Lekensteyn commented 10 years ago

Linux tries to always report compatibility with Windows (such as \WIN8) because BIOS vendors write code that assumes that anything other than it is broken/outdated. The symptoms you described sound like a power shortage, could you observe similar problems when using the nouveau driver with dynamic power management enabled?

leoluk commented 10 years ago

No, I haven't installed either driver. How do I enable nouveau's dynamic power management?

Lekensteyn commented 10 years ago

Can you post your dmesg somewhere? Unless you blacklisted it, nouveau will get loaded (bumblebee does unload it before using bbswitch, so be sure to disable bumblebeed too). To enable dynamic PM, you can write to sysfs or use powertop to enable Runtime PM at tunables.

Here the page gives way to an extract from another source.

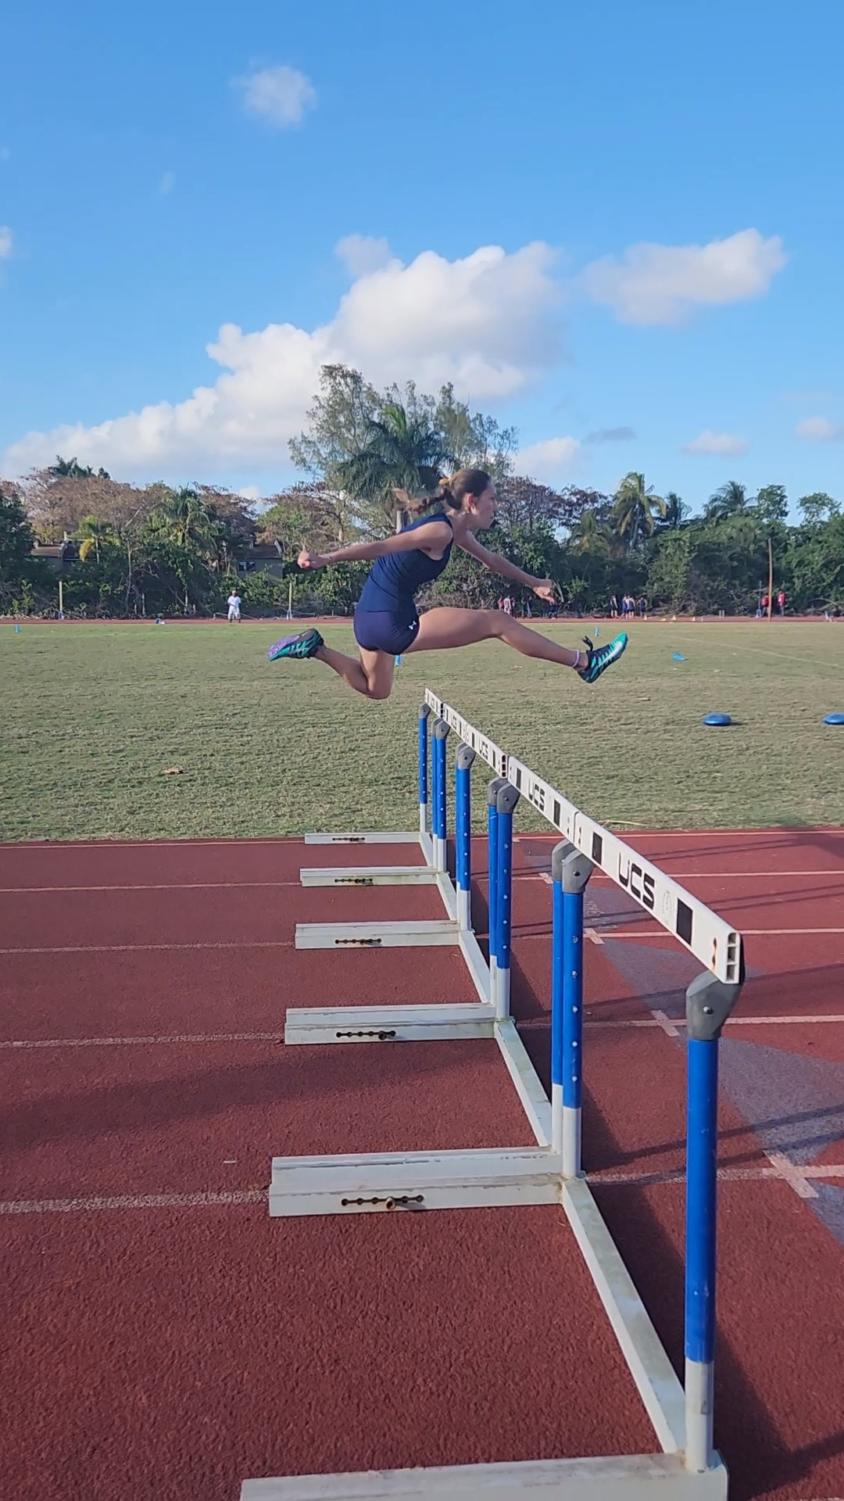 Senior Taylor McHugh jumps over the last hurdle in the 100m hurdle event at the Ft. Lauderdale meet on Feb. 22.
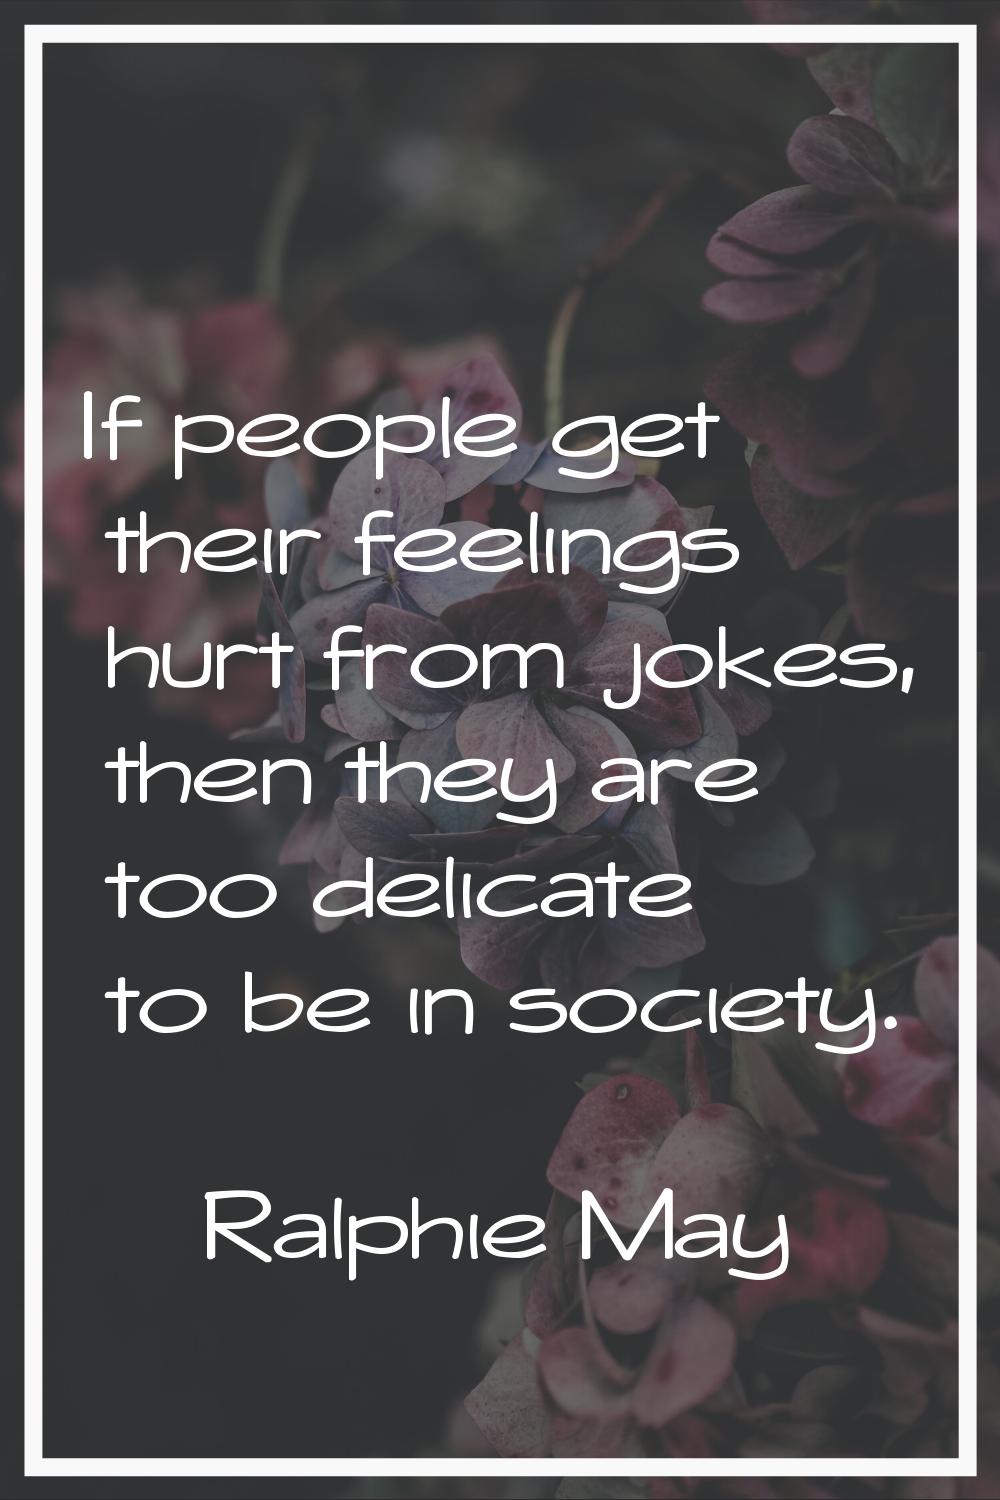 If people get their feelings hurt from jokes, then they are too delicate to be in society.

leoluk commented 10 years ago

This is what happened after loading the nouveau module:

[ 3144.325079] ACPI Warning: \_SB_.PCI0.PEG_.VID_._DSM: Argument #4 type mismatch - Found [Integer], ACPI requires [Package] (20130725/nsarguments-95)
[ 3144.325160] ACPI Warning: \_SB_.PCI0.PEG_.VID_._DSM: Argument #4 type mismatch - Found [Buffer], ACPI requires [Package] (20130725/nsarguments-95)
[ 3144.325346] ACPI Warning: \_SB_.PCI0.PEG_.VID_._DSM: Argument #4 type mismatch - Found [Buffer], ACPI requires [Package] (20130725/nsarguments-95)
[ 3144.325522] pci 0000:02:00.0: optimus capabilities: enabled, status dynamic power, hda bios codec supported
[ 3144.325524] VGA switcheroo: detected Optimus DSM method \_SB_.PCI0.PEG_.VID_ handle
[ 3144.325546] nouveau 0000:02:00.0: enabling device (0004 -> 0007)
[ 3144.325660] [drm] hdmi device  not found 2 0 1
[ 3144.325767] nouveau E[  DEVICE][0000:02:00.0] unknown chipset, 0x108100a1
[ 3144.325769] nouveau E[     DRM] failed to create 0x80000080, -22
[ 3144.325856] nouveau: probe of 0000:02:00.0 failed with error -22

leoluk commented 10 years ago

I tried disabling/enabling the card after loading the nouveau module and enabling runtime PM, but it still crashed the system.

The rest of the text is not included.